* [SOURCE MATERIAL]
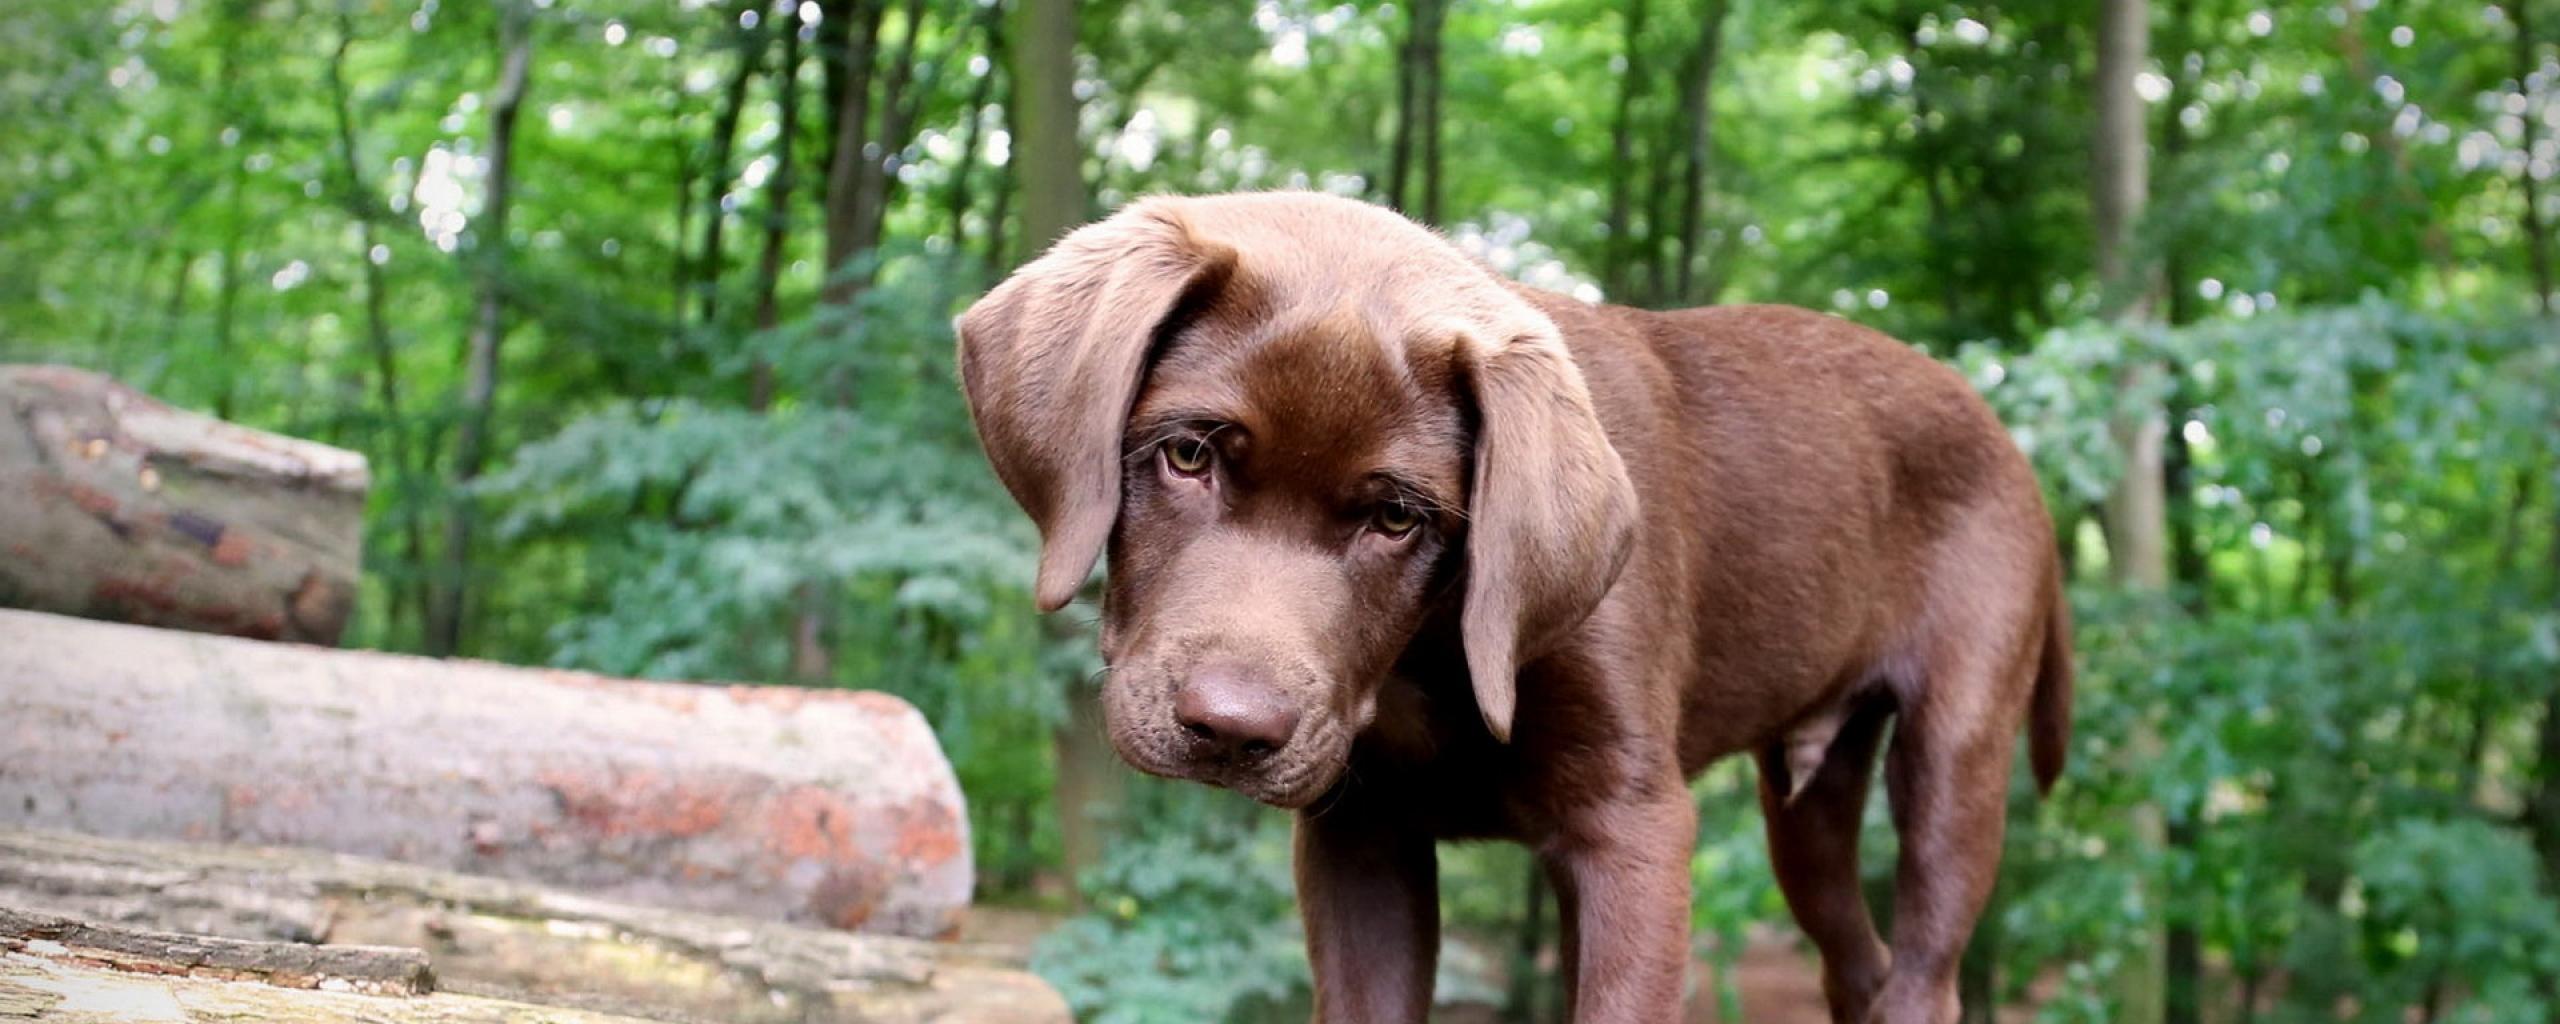 dog_muzzle_ears_beam_puppy_59782_2560x1024
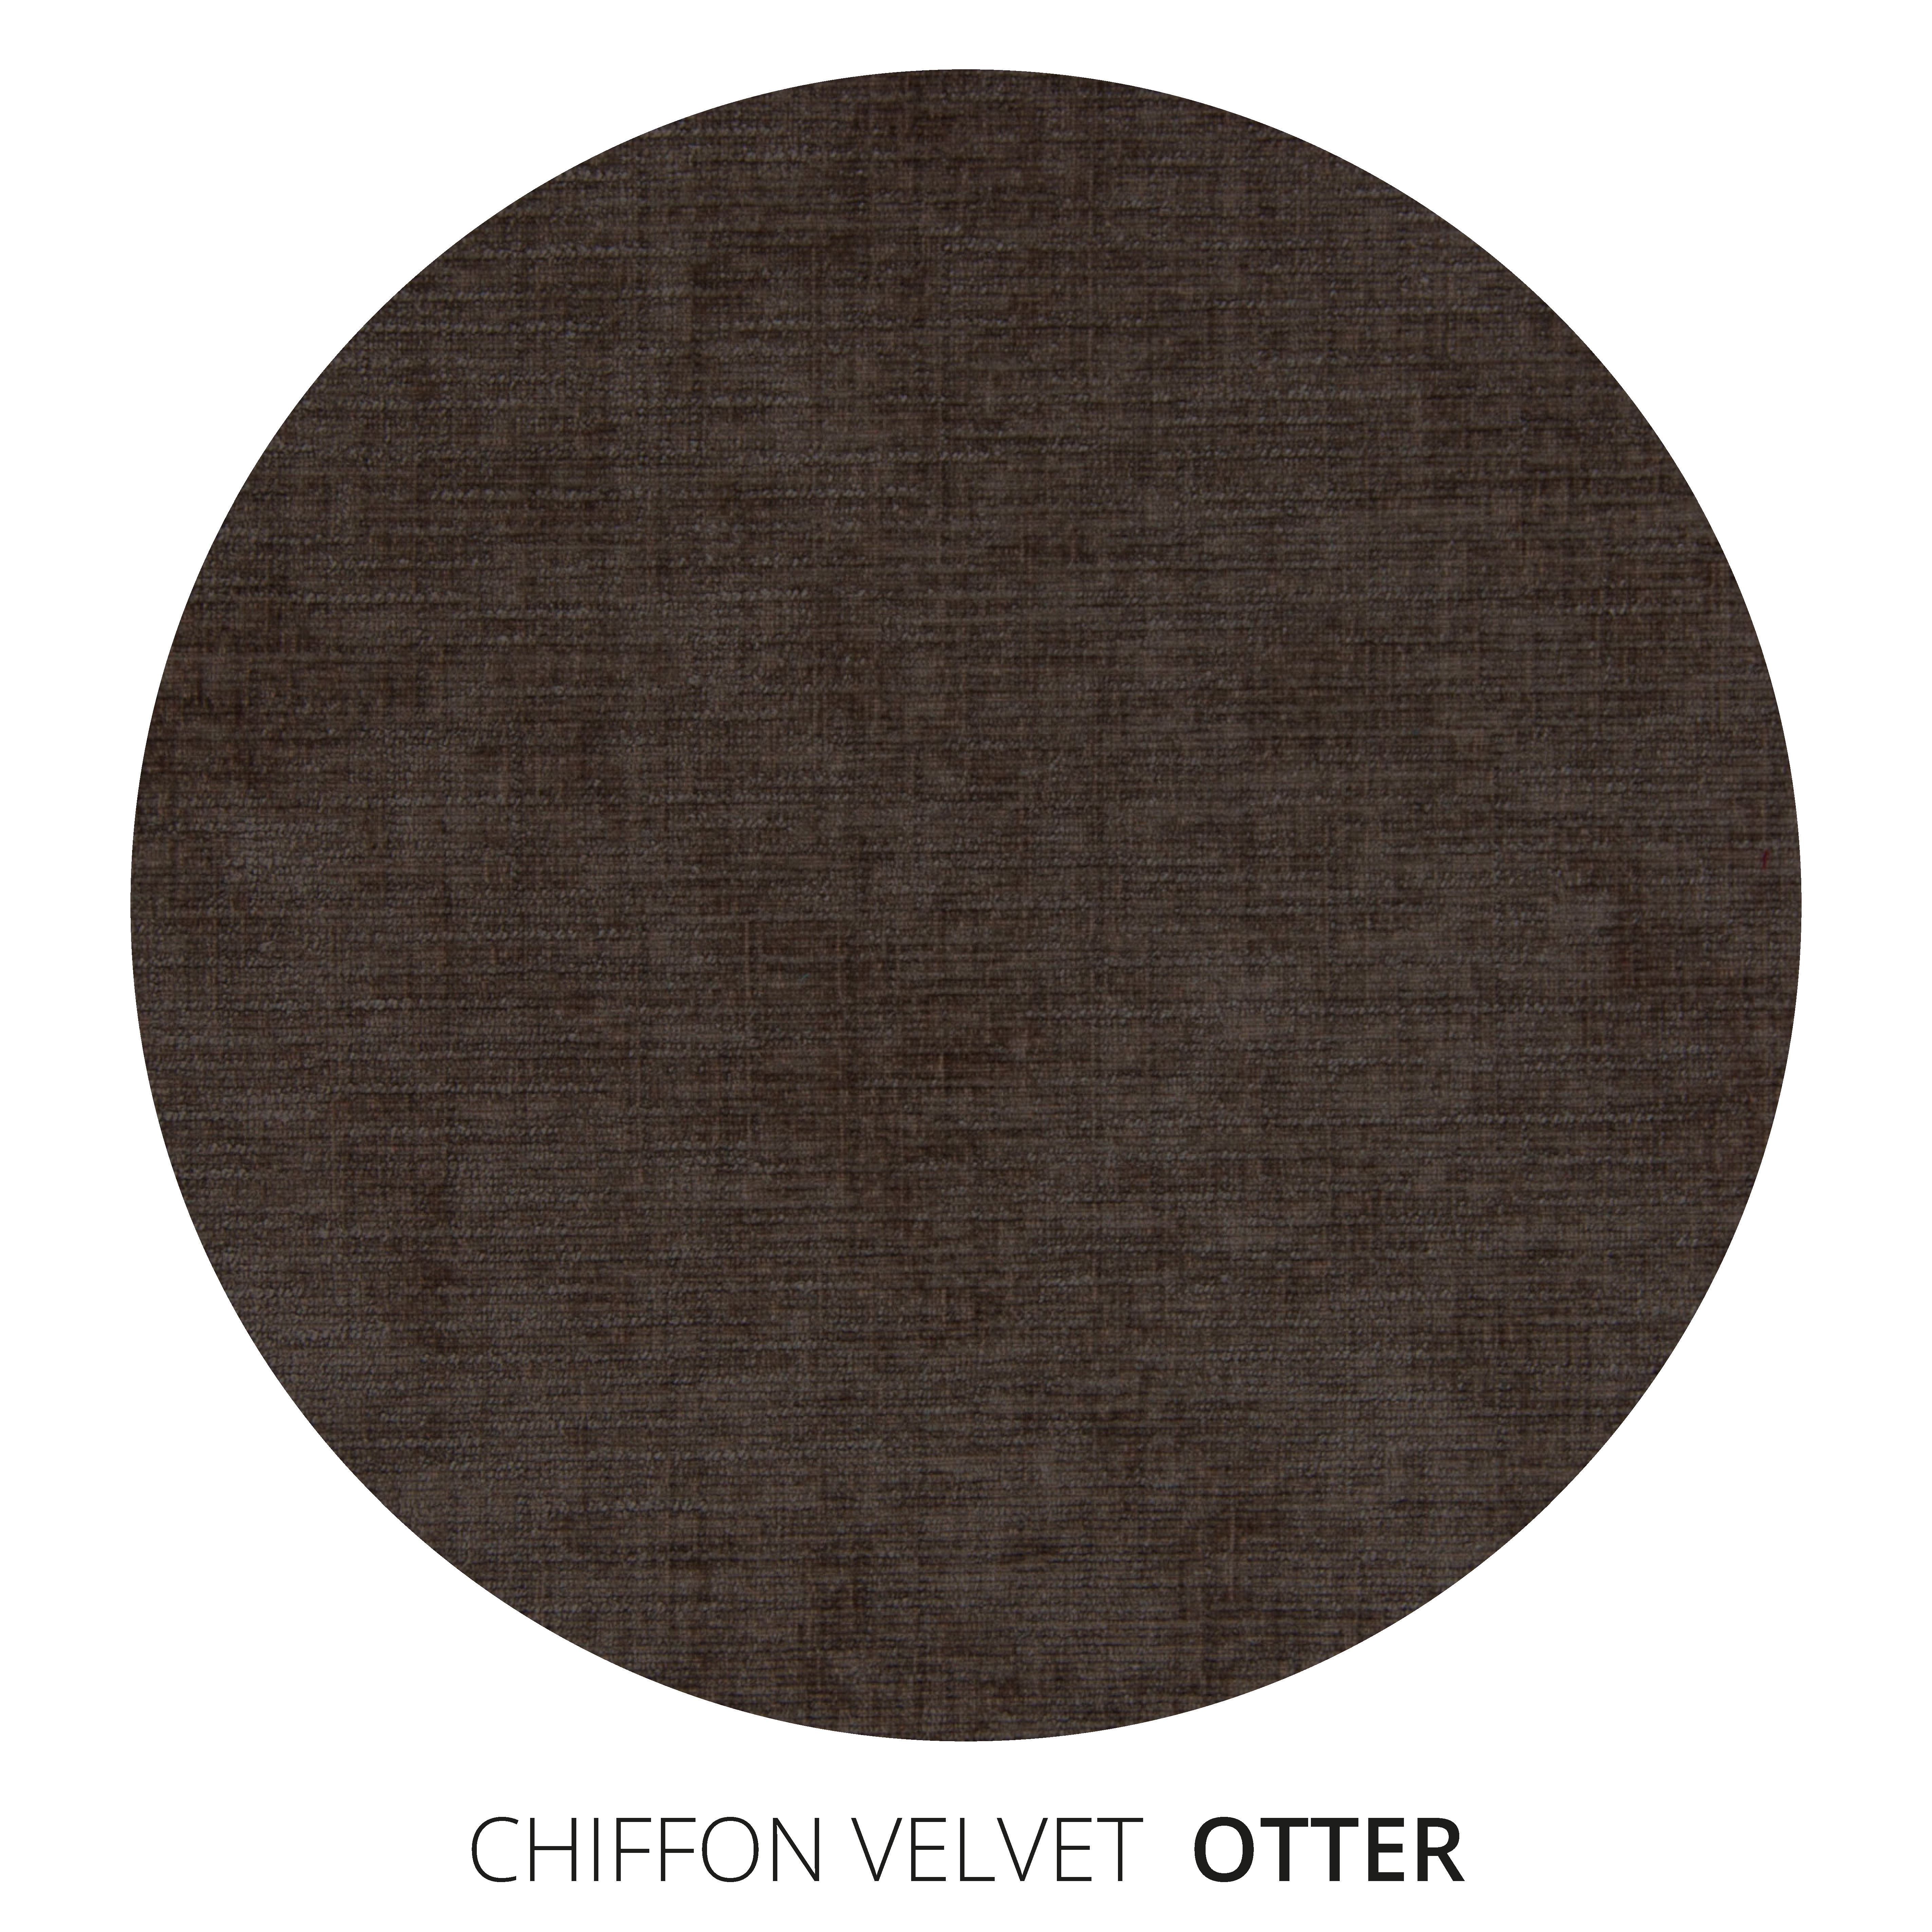 Otter Chiffon Velvet Swatch
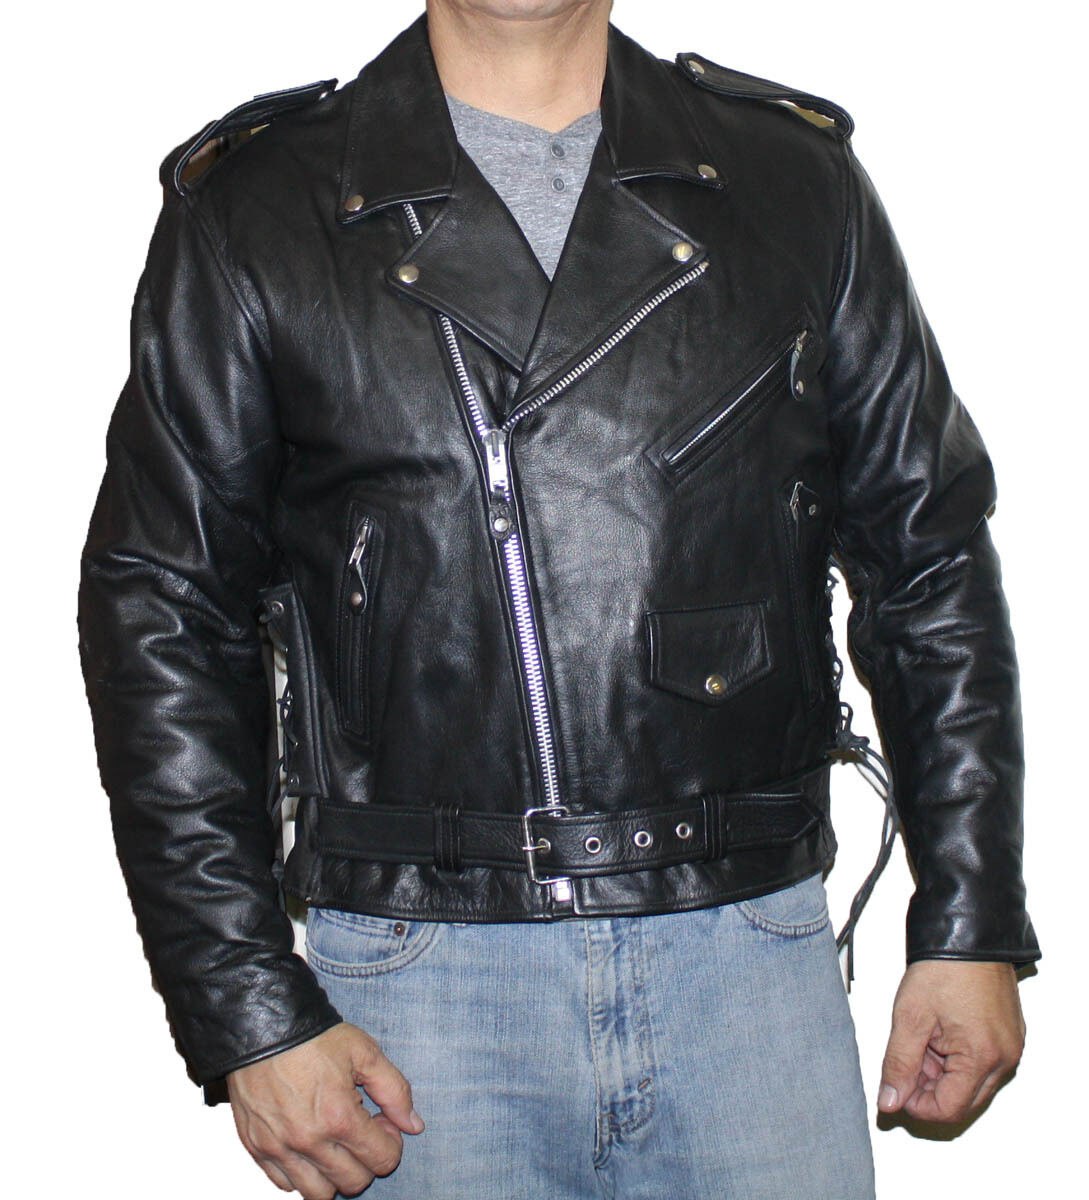 herren Genuine leder Classic Motorcycle Biker Style Quality jacke

* [TASK REQUIREMENTS] No image belongs in the copy. Transcribe the full listing verbatim.

* [RESPONSE FOR THIS EXERCISE]
 dog_muzzle_ears_beam_puppy_59782_2560x1024
 Otter Chiffon Velvet Swatch
 herren Genuine leder Classic Motorcycle Biker Style Quality jacke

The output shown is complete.